#### [The problem]
Return the listing exactly. Keep no pictures.

#### [Data]
[Start of section]
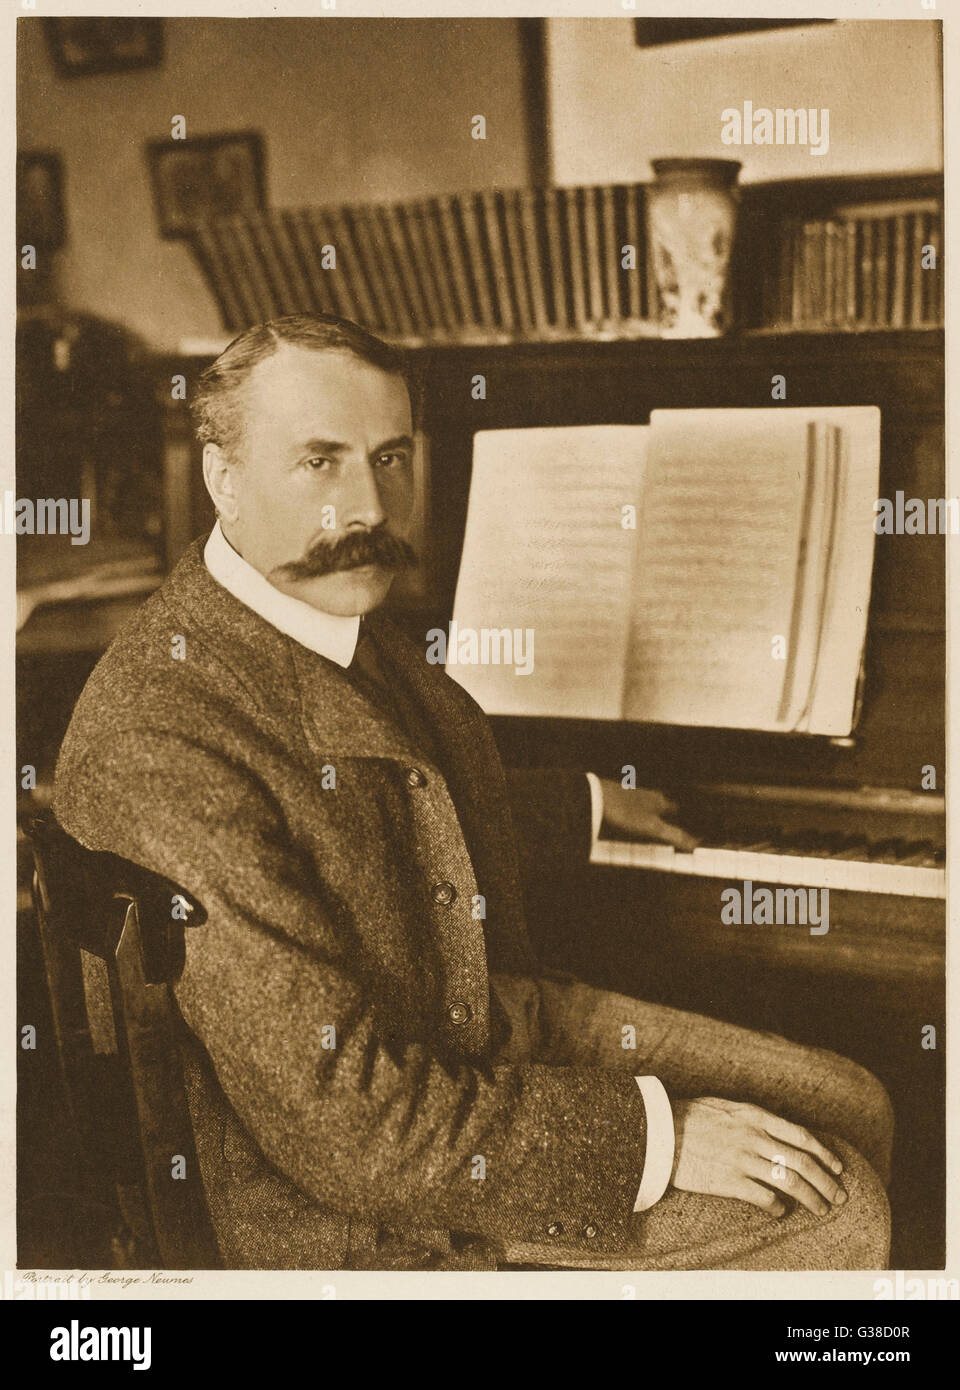 EDWARD ELGAR compositeur au piano, c1911. Date : 1857 - 1934 Banque D'Images
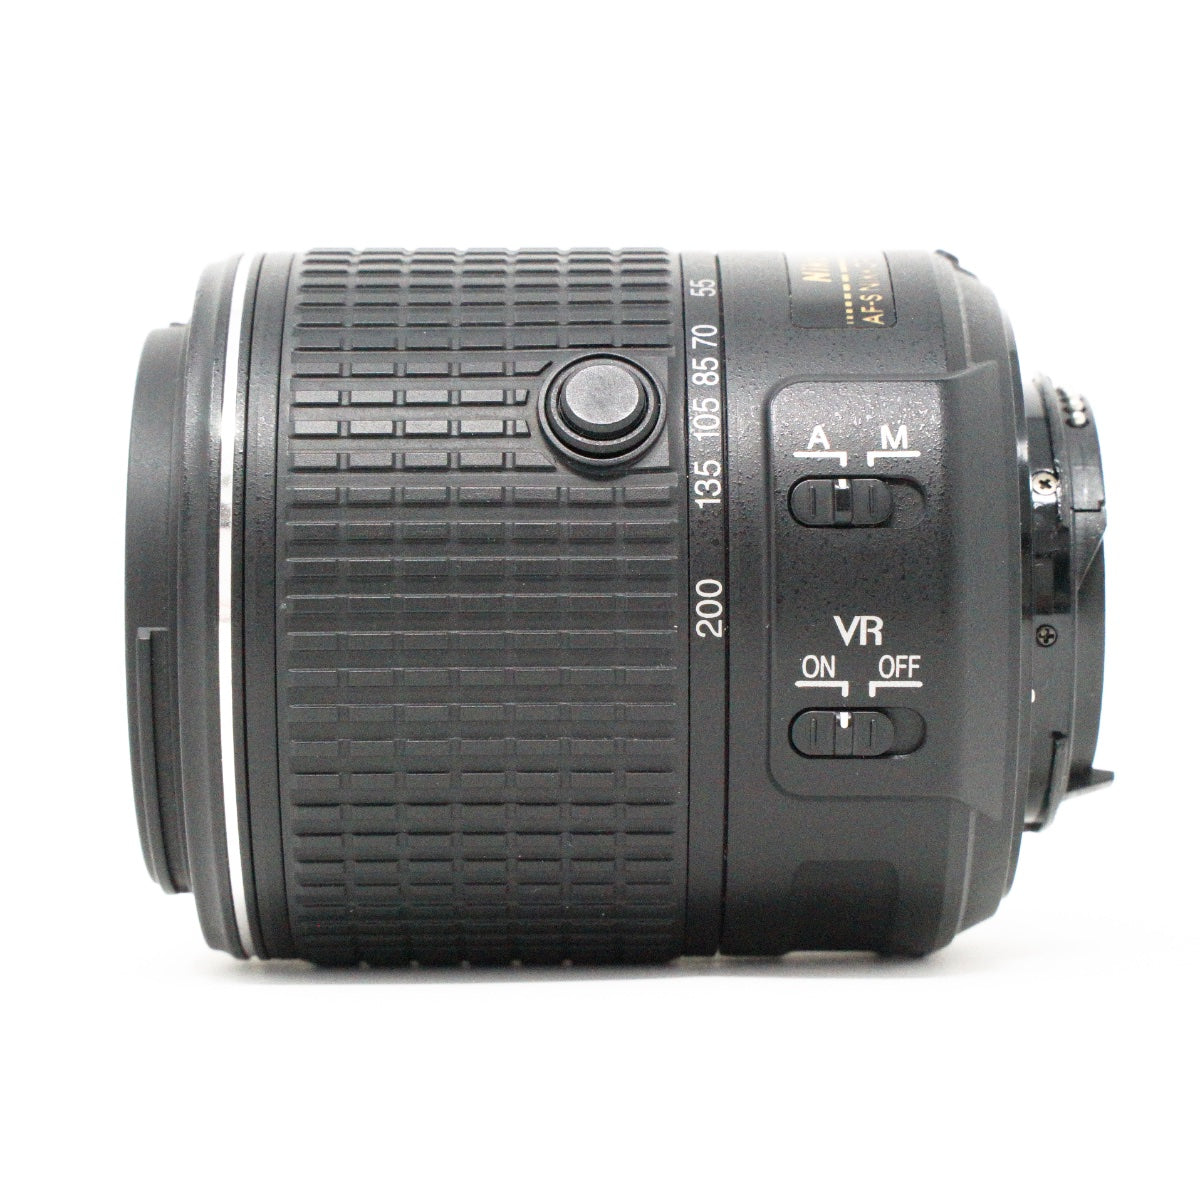 Used Nikon AF-S Nikkor 55-200mm F4-5.6G II ED VR lens
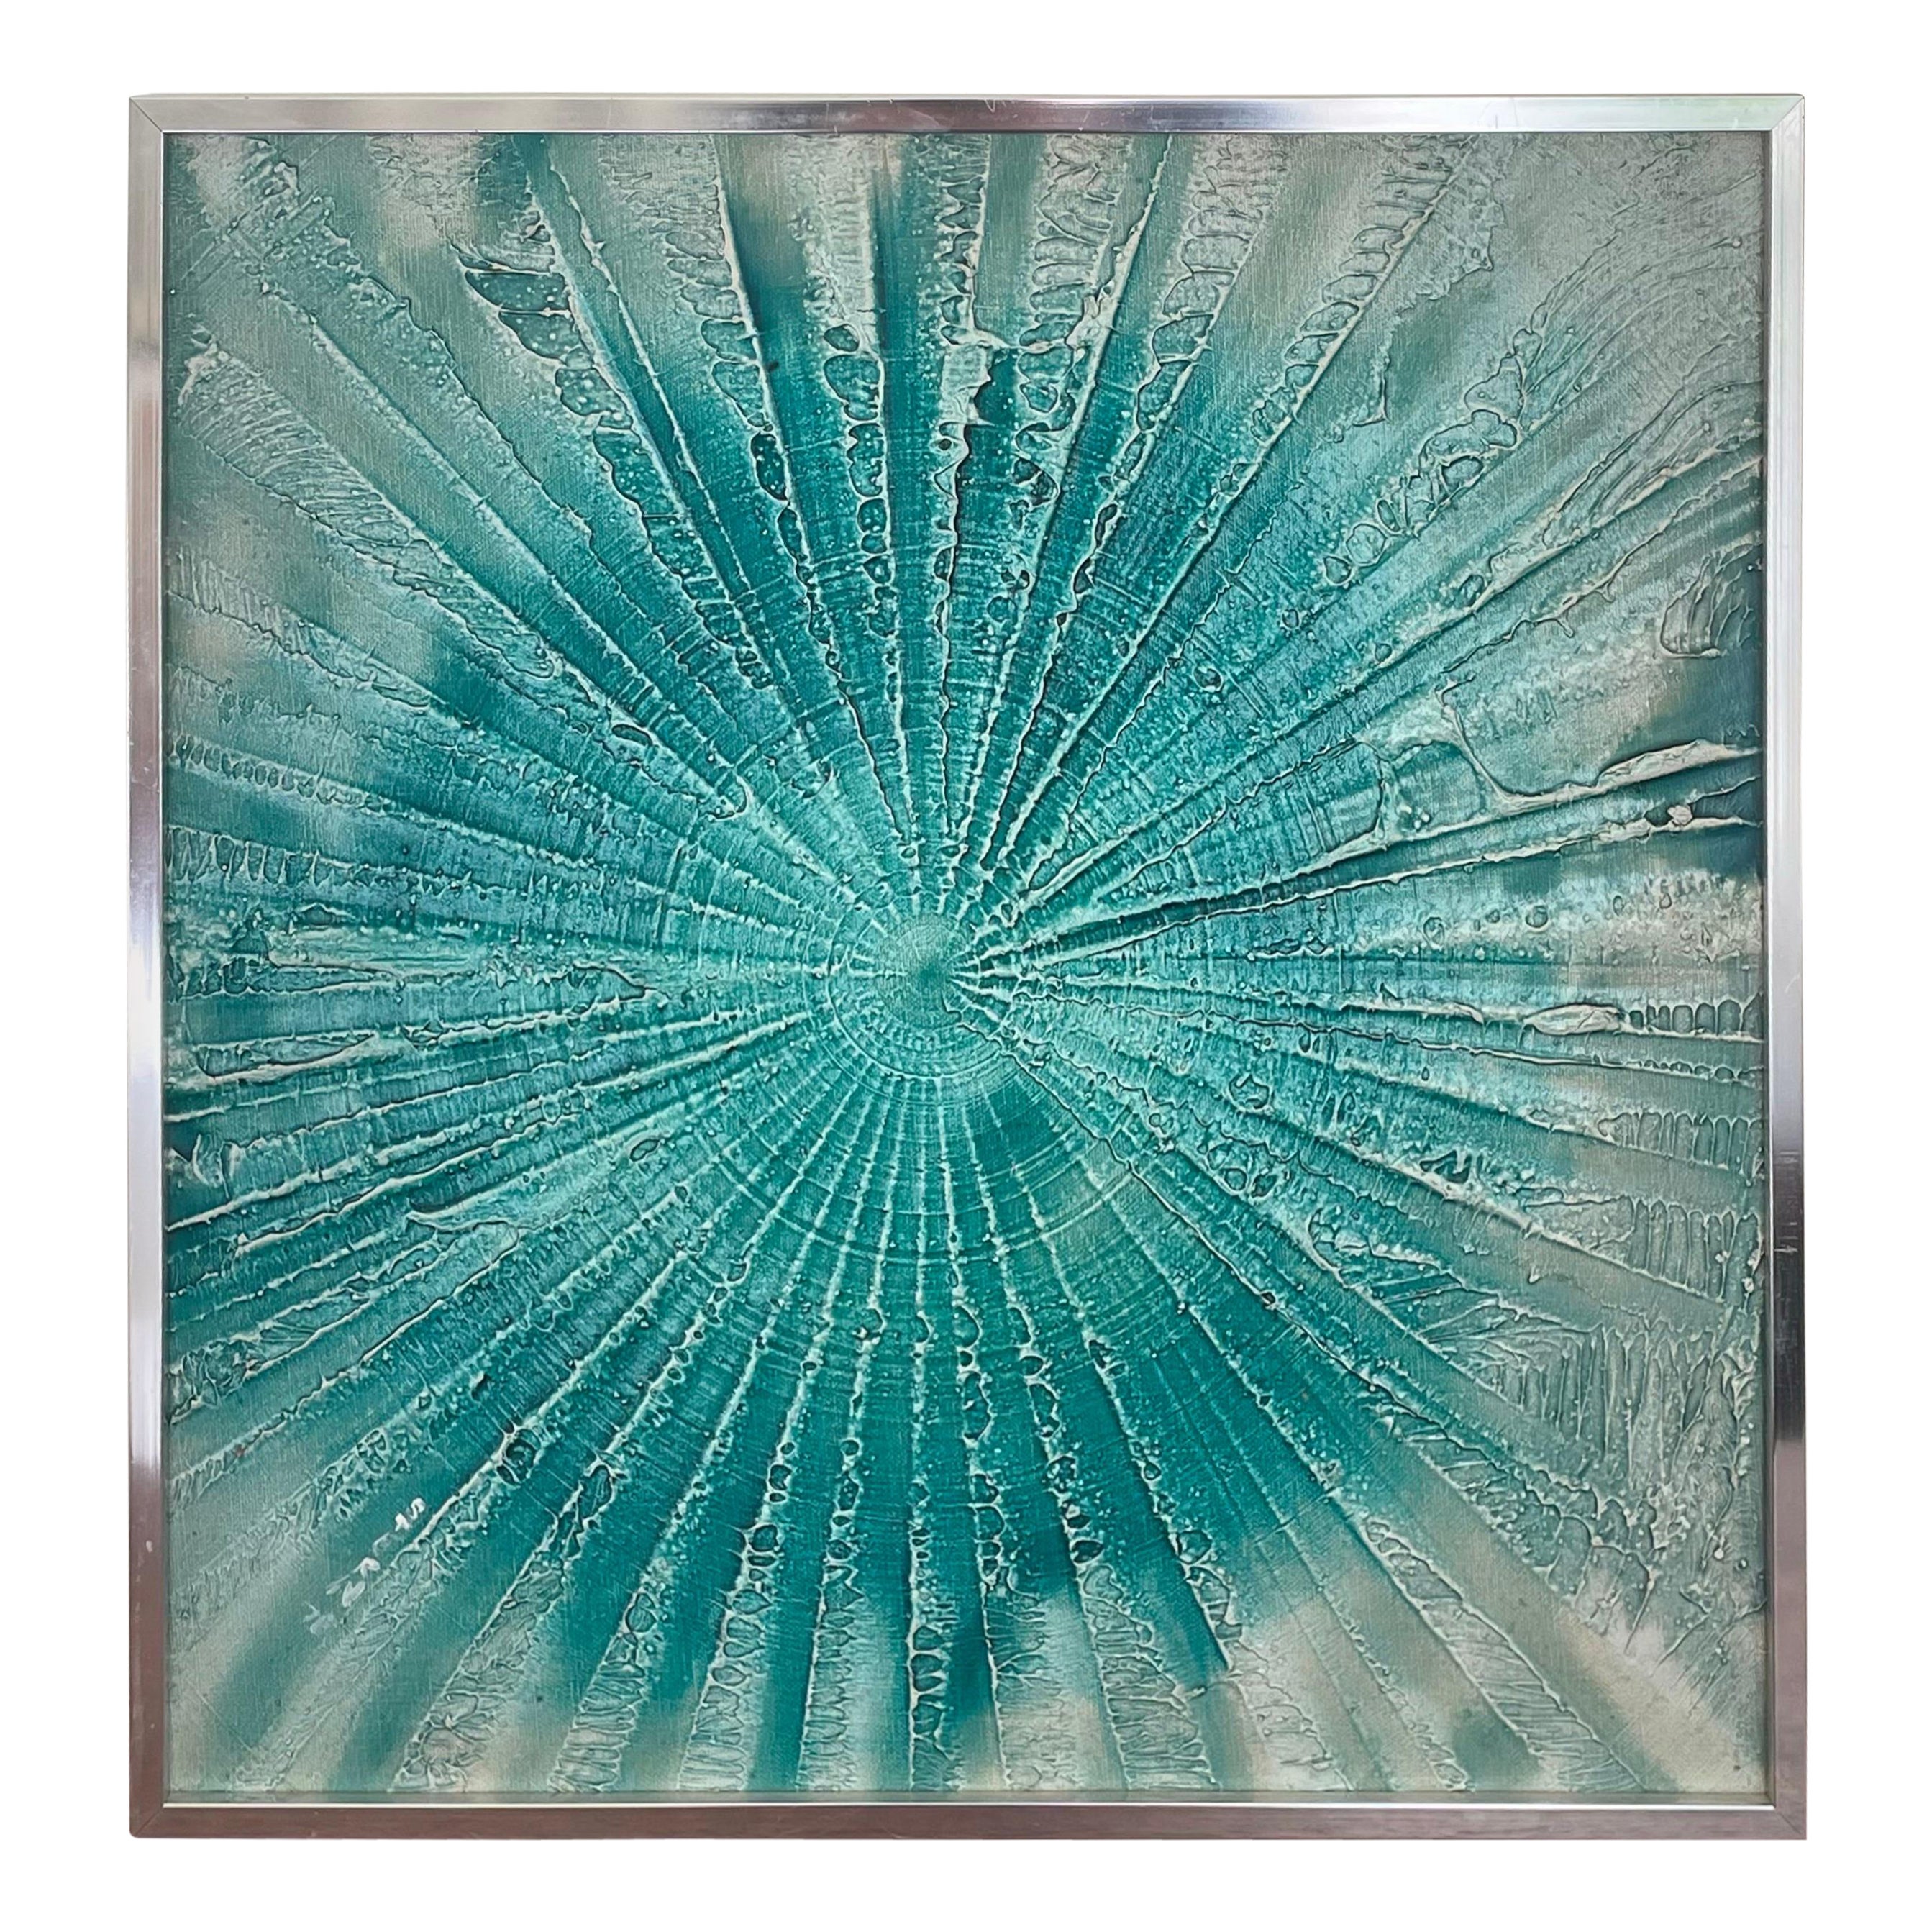 Turquoise du milieu du siècle dernier, Pin Art, peinture acrylique dans le style de Damien Hirst
[End of section]
#### [Exercise answer]
 EDWARD ELGAR compositeur au piano, c1911. Date : 1857 - 1934 Banque D'Images
 Used Nikon AF-S Nikkor 55-200mm F4-5.6G II ED VR lens
 Turquoise du milieu du siècle dernier, Pin Art, peinture acrylique dans le style de Damien Hirst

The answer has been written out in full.